Immediately, I ran into issues. Rayhandler.render()
applied to the default
framebuffer only, and it would not apply to my scene framebuffer.
// swap from 'default' framebuffer to 'scene'
sceneBuffer.begin();
// draw my scene, tiles, objects to the buffer
renderSystem.render(dt);
// apply lighting to scene
rayhandler.render(); // does not apply to sceneBuffer
sceneBuffer.end();
Rayhandler has to render to its own lightmap framebuffer internally,
which means my sceneBuffer
context ended:
sceneBuffer.begin();
// ...
rayhandler.render();
// underneath the covers, this means...
lightmap.begin(); // swaps the current framebuffer to the lightmap
Luckily, box2dlights planned for this use case. They have functions that split out drawing the lightmap and applying it:
rayHandler.prepareRender()
Renders the lightmap to its frame buffer.rayHandler.renderOnly()
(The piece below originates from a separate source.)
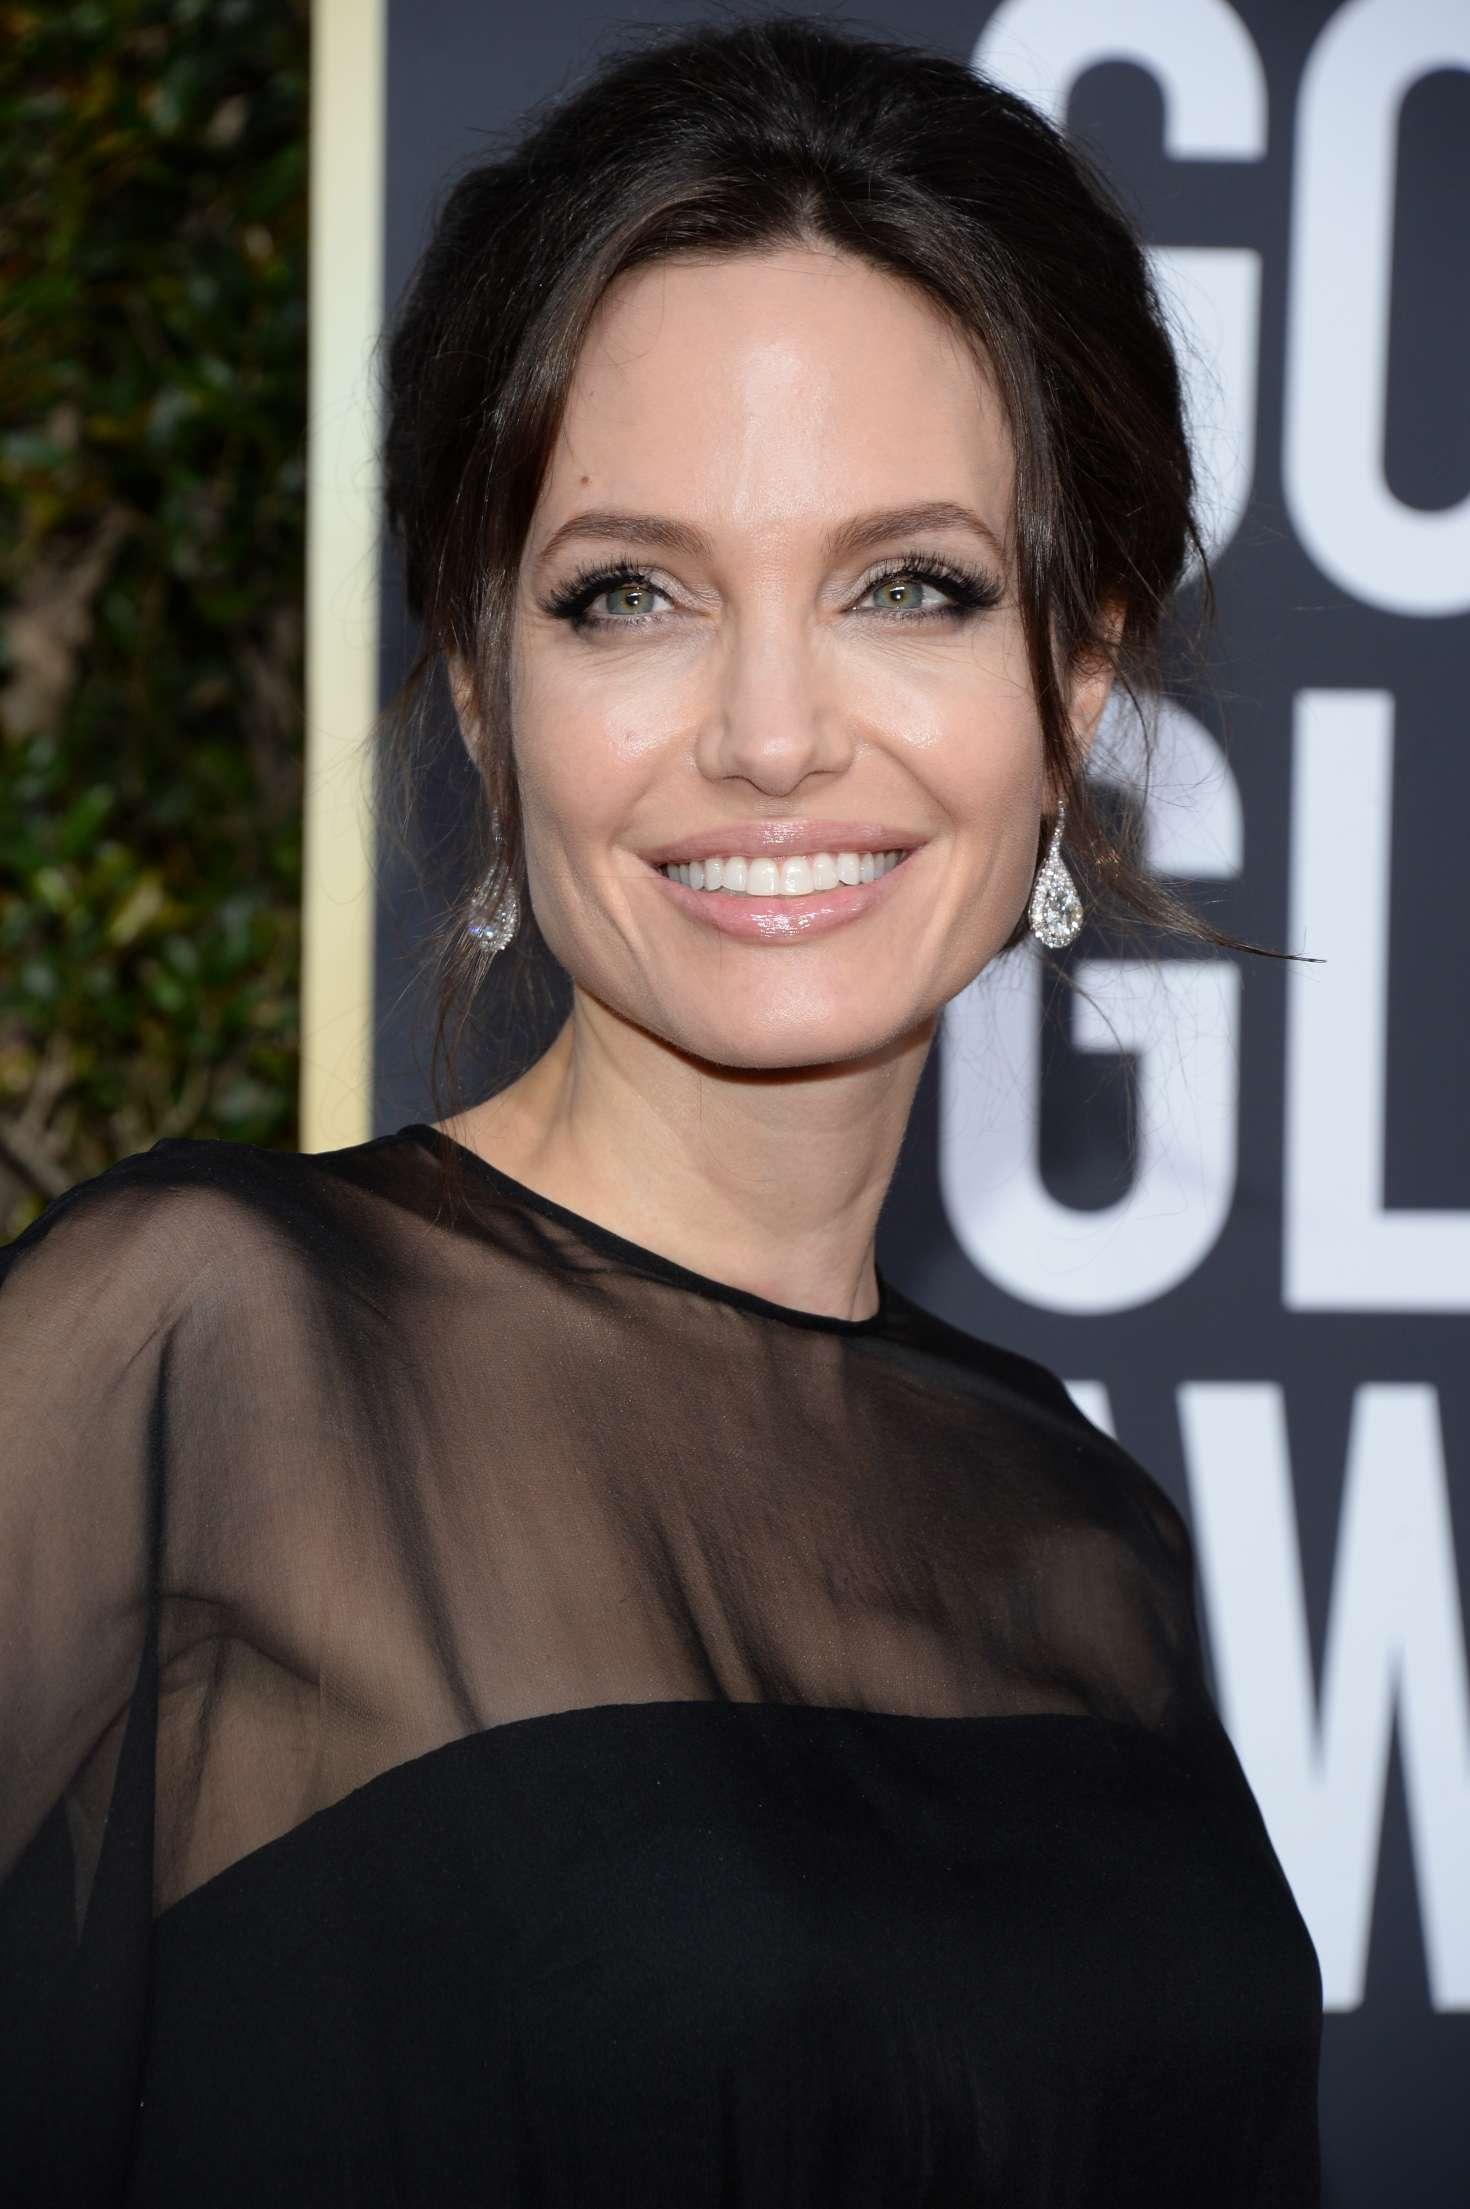 Angelina Jolie - 2018 Golden Globe Awards in Beverly Hills

Applies the lightmap to the current buffer.
And like that, I thought I was done and moved on.
The mysterious blue fade
OpenGL provides blend functions for blending draw calls. I used to Libgdx default:
batch.setBlendFunction(GL20.GL_SRC_ALPHA, GL20.GL_ONE_MINUS_SRC_ALPHA);
While this blending function works for my individual scenes, during compositing, the alpha values of transparent objects in the scene were multiplied with sky background even though the floor under them has no transparency.
Though I had not noticed earlier, all of my shadows had a blue tint as well.
After several hours of reading about blending functions, the end result was simple:
batch.setBlendFunctionSeparate(
GL20.GL_SRC_ALPHA, GL20.GL_ONE_MINUS_SRC_ALPHA,
GL20.GL_ONE, GL20.GL_ONE_MINUS_SRC_ALPHA
);
This blend function uses a premultiplied alpha when drawing to the scene and background frame buffers, so when the layers are composited together, their alpha values properly overlap.
And with that, fog of war with fade is fixed!
(to which Piro replied “but dang, that bug did give it a vibe tho”)
spooky ghost castle from my various attempts to fix my blend mode. I gotta use this effect later.